Head of a Woman

Provenance

Dr. and Mrs. Sherman E. Lee, Cleveland; Dr. and Mrs. Sherman E. Lee, Cleveland

Head of a Woman

Anonymous

1600s

Accession Number

1970.359

Medium

black and red chalk over graphite, heightened with white chalk (with additions? in yellow and orange pastel?)

Dimensions

Sheet: 23 x 16 cm (9 1/16 x 6 5/16 in.)

Classification

Drawing

Museum

The Cleveland Museum of Art

Cleveland, United States

Credit Line

Gift of Dr. and Mrs.
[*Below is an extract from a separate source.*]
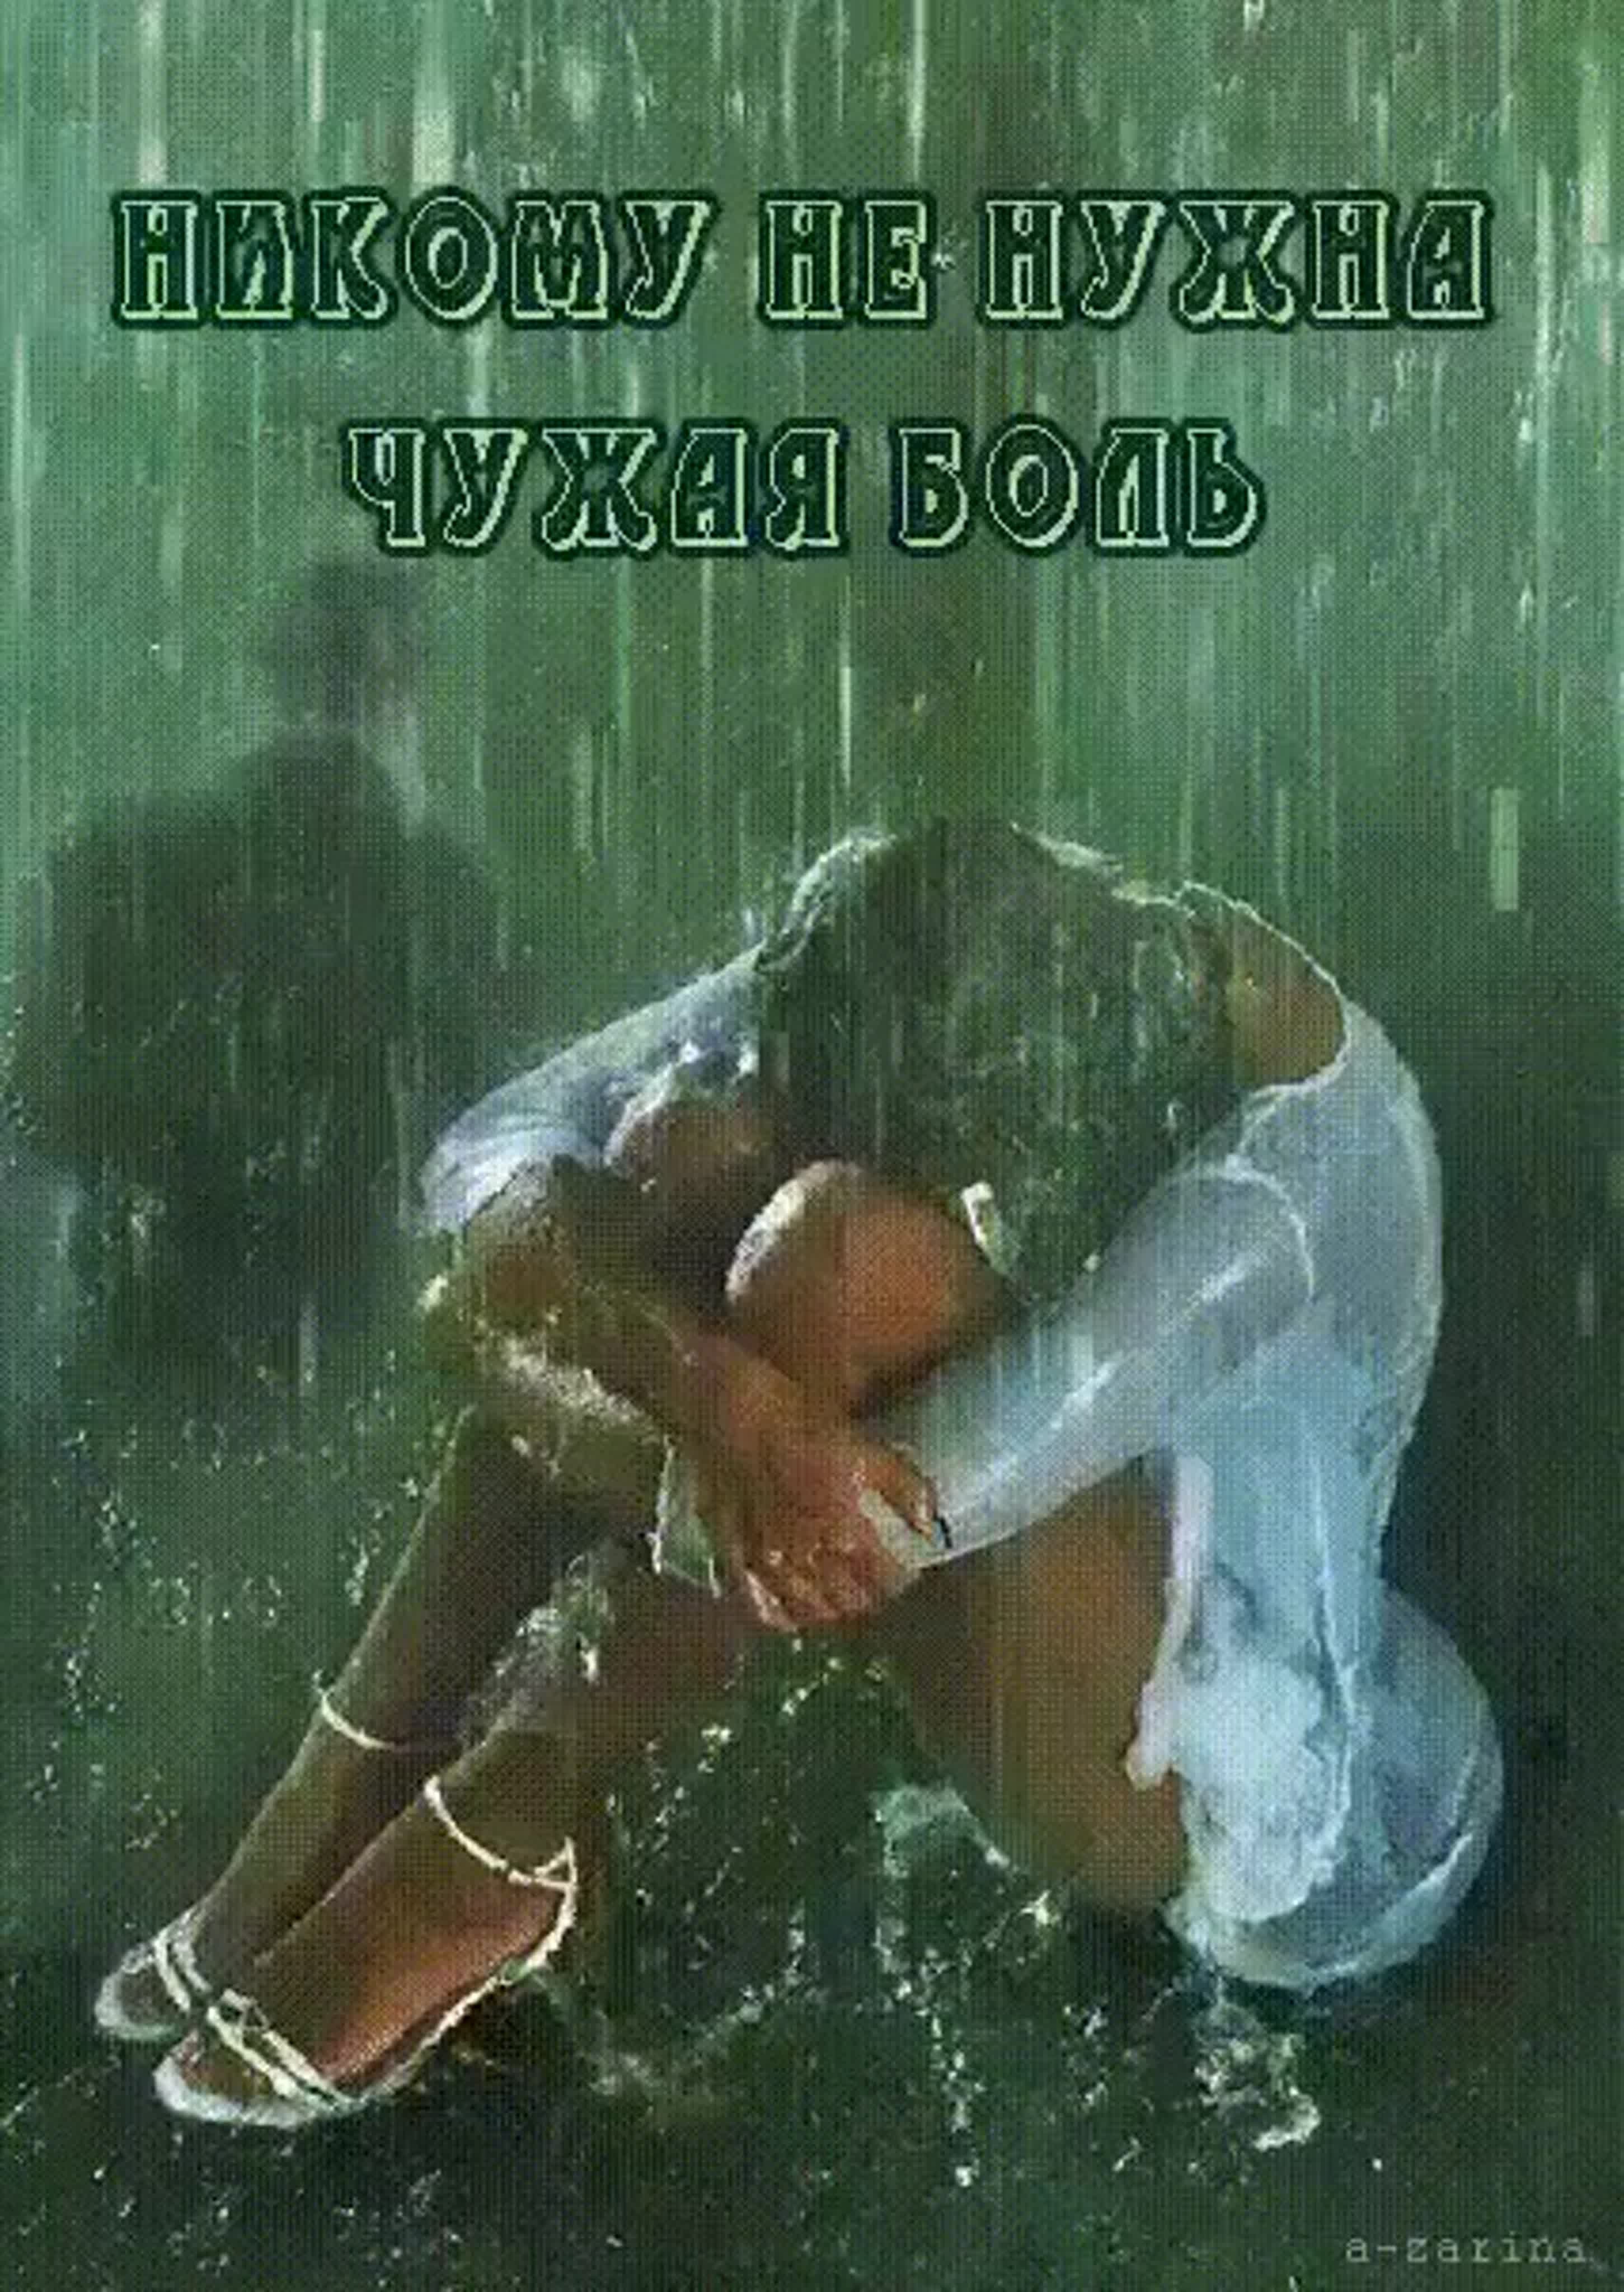 Хочу в душе женщину. Девушка под дождем. Девушка плачет под дождем. Левушка плачет под дождем. Человек в душе.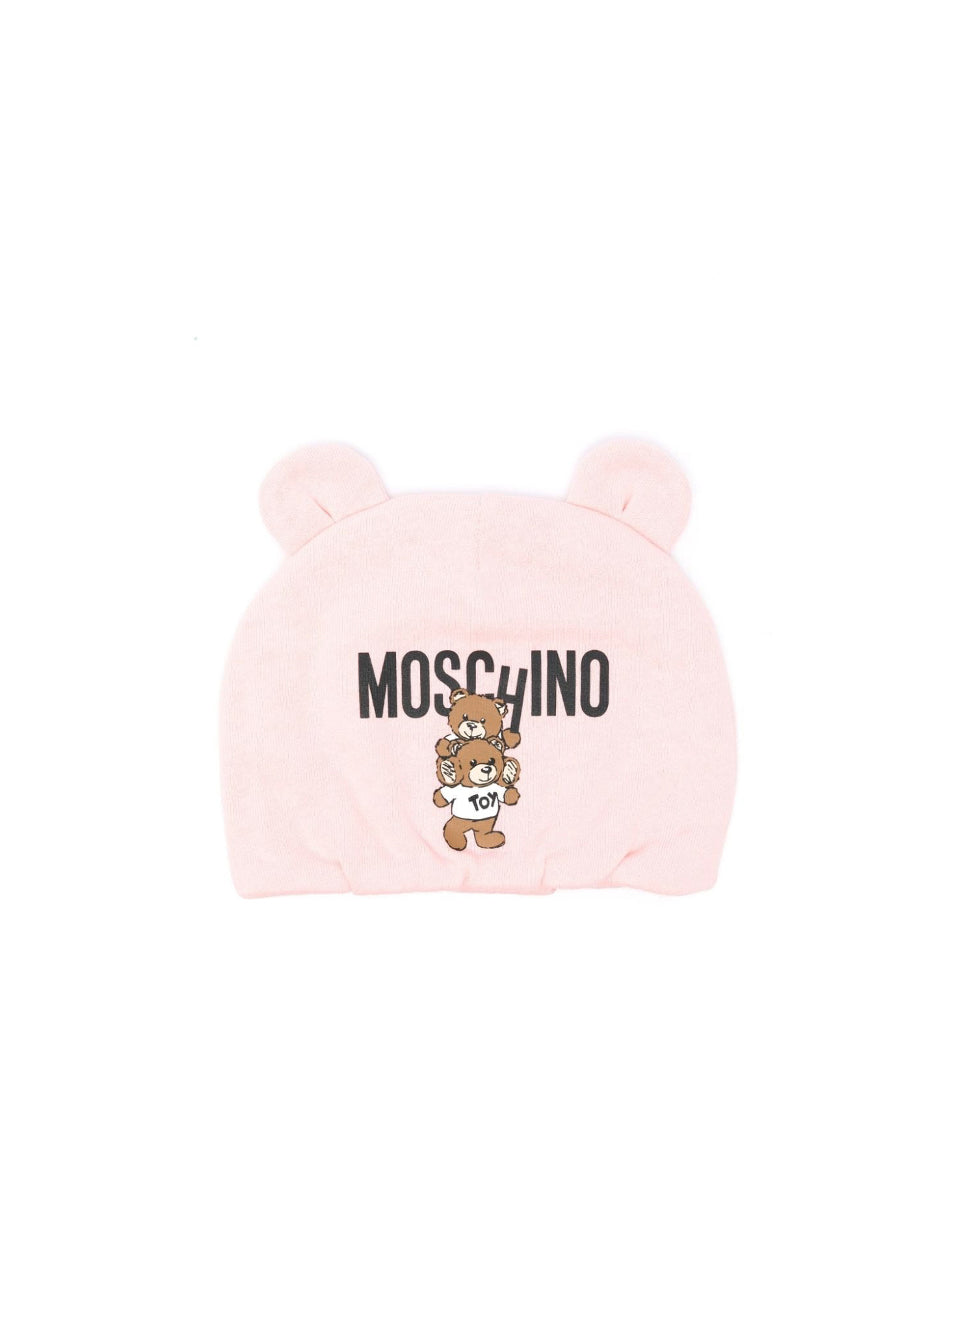 Moschino Kids Cappellino Rosa con Stampa Logo Teddy Bear per Neonate

Sherman E. Lee for the fiftieth anniversary of The Print Club of Cleveland

Tags

Drawing Baroque (1600–1750) Pastel Graphite & Pencil

Background & Context

Background Story

This anonymous 17th-century head study demonstrates the academic drawing technique of combining red and black chalk (aux deux crayons) with white chalk highlights on a toned ground. The addition of yellow and orange pastel suggests that the drawing was reworked at a later date, perhaps by a different artist who wanted to develop it further. The head study—the most fundamental exercise in academic drawing—reveals the artist's training and skill in rendering the three-dimensional form of the face through the subtle manipulation of light and shadow across the curves of the forehead, cheeks, and jaw.

Cultural Impact

The combination of red and black chalk was one of the standard academic drawing techniques of the 17th century, used for figure studies, head studies, and compositional drawings. The anonymous artist of this head study was clearly trained in the academic tradition, but the quality of the drawing makes attribution to a specific artist or school difficult—several national traditions produced drawings of this quality and technique.

Why It Matters

Head of a Woman is academic drawing at its most fundamental: a face rendered in red and black chalk with white highlights, the three-dimensional form emerging from the toned ground through the careful manipulation of light and shadow. The anonymous artist's skill is undeniable; their identity is lost.